— Goal of the exercise —
Pictures stay out of the copy, and everything else in the data below is repeated exactly.

— Material provided —
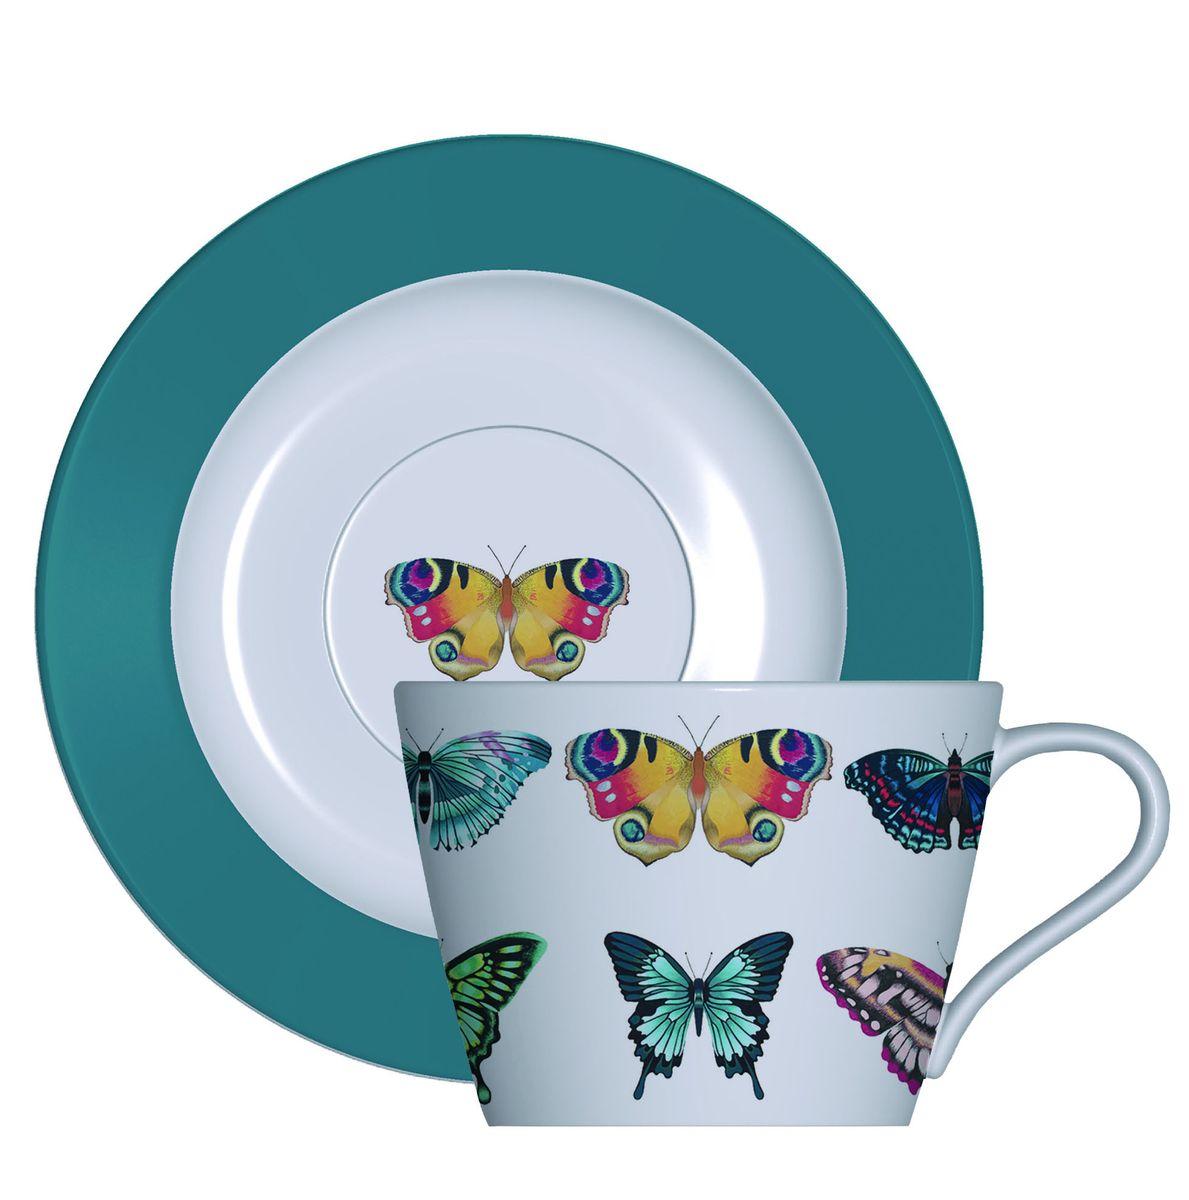 Чайная пара Churchill Бабочки, цвет: оранжевый, 2 предмета. HARL00341HARL00341Коллекция Арлекин красиво упакована в подарочные коробки. При изготовлении данной коллекции используют лучший костяной фарфор. Материал: Костяной фарфор, фарфор Можно мыть в посудомоечной машине Можно использовать в микроволновой печи Внимание: посуда с позолоченным орнаментом запрещена для использования в микроволновой печи, т.к. металлическая позолота может привести к искрообразованию в камере микроволновой печи.
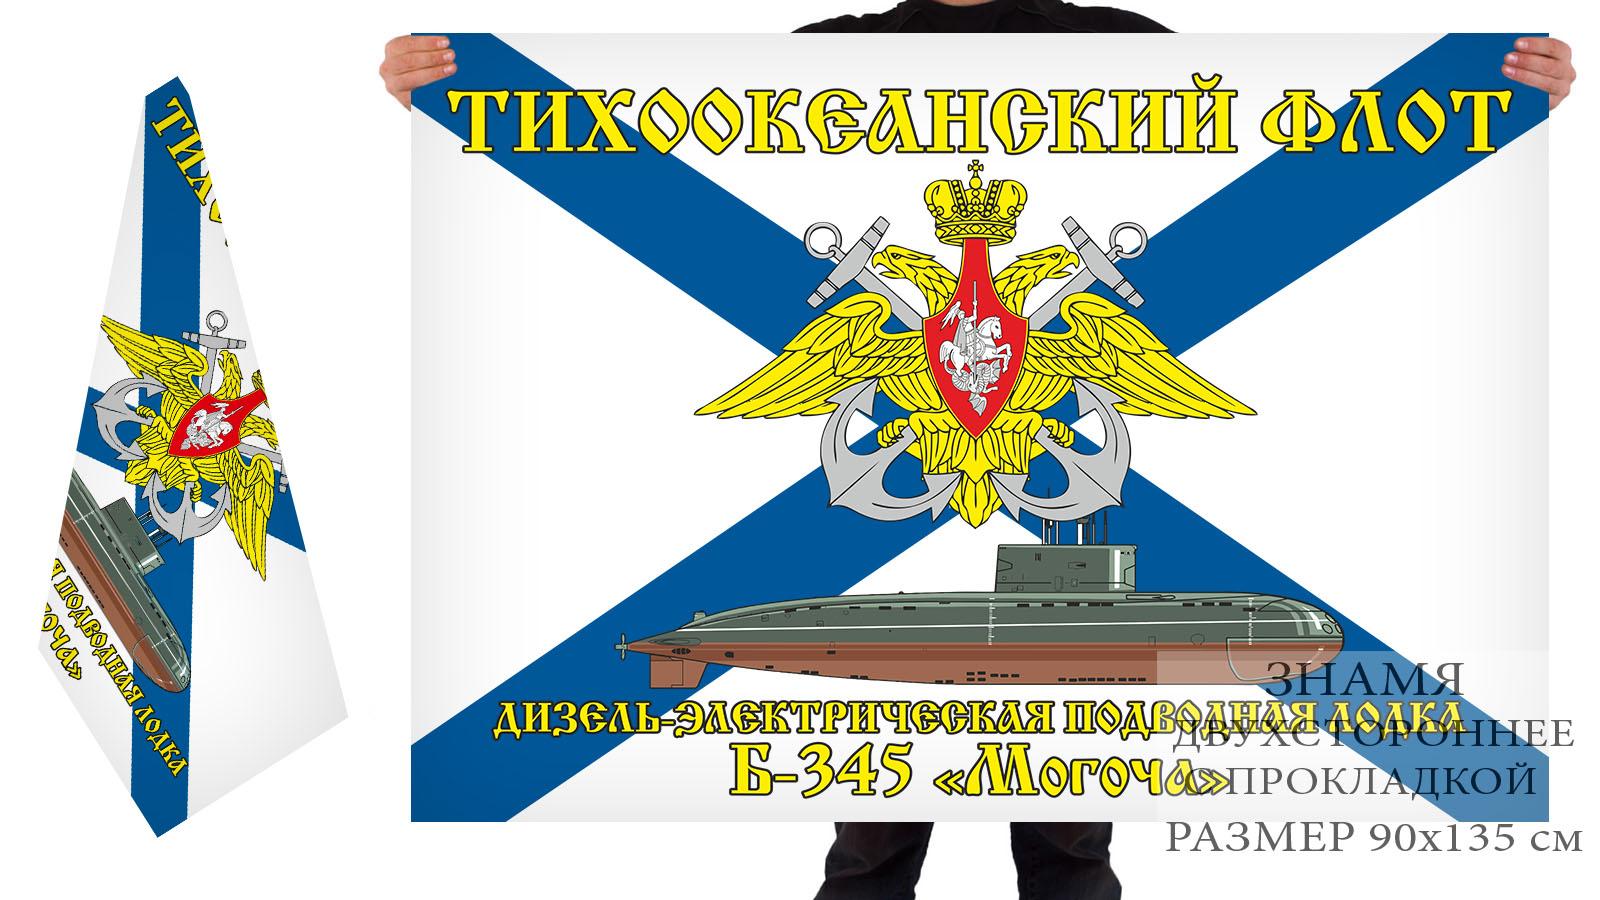 Двусторонний флаг ДЭПЛ Б 345 Могоча
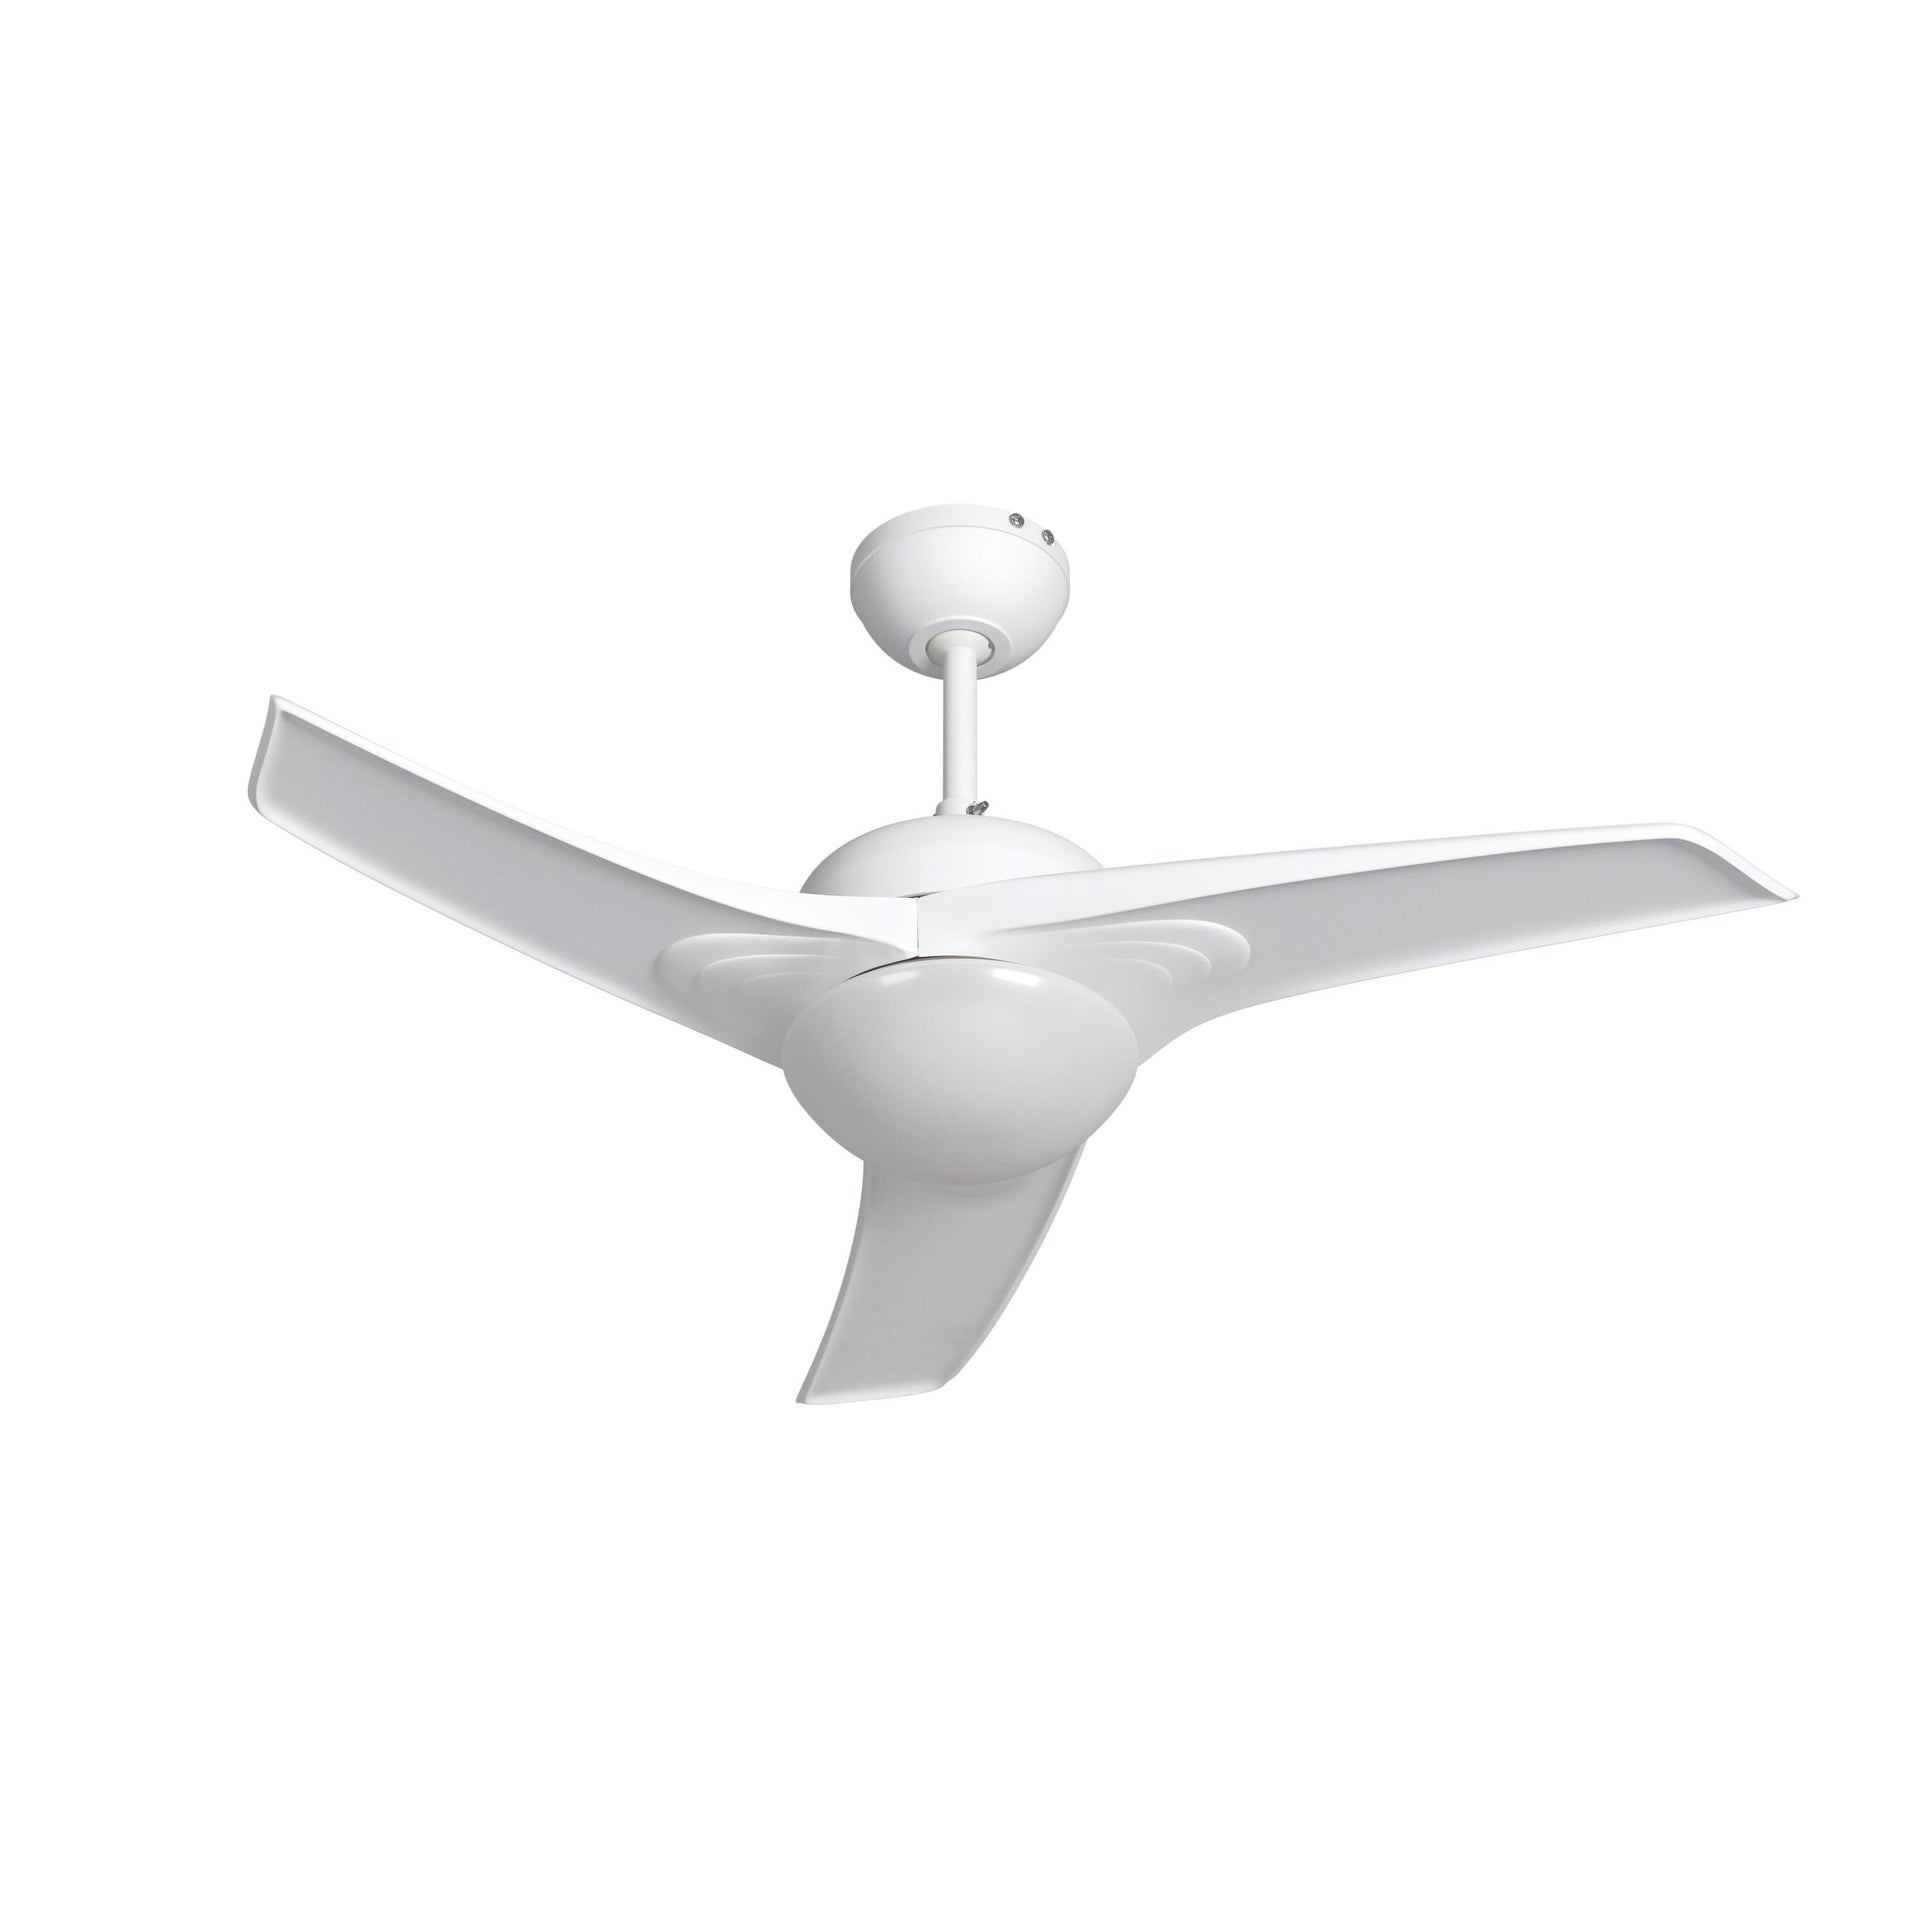 Ventilatore da soffitto Aruba, bianco, D. 112 cm , con telecomando INSPIRE - 3

— Answer to the exercise —
 Чайная пара Churchill Бабочки, цвет: оранжевый, 2 предмета. HARL00341HARL00341Коллекция Арлекин красиво упакована в подарочные коробки. При изготовлении данной коллекции используют лучший костяной фарфор. Материал: Костяной фарфор, фарфор Можно мыть в посудомоечной машине Можно использовать в микроволновой печи Внимание: посуда с позолоченным орнаментом запрещена для использования в микроволновой печи, т.к. металлическая позолота может привести к искрообразованию в камере микроволновой печи.
 Двусторонний флаг ДЭПЛ Б 345 Могоча
 Ventilatore da soffitto Aruba, bianco, D. 112 cm , con telecomando INSPIRE - 3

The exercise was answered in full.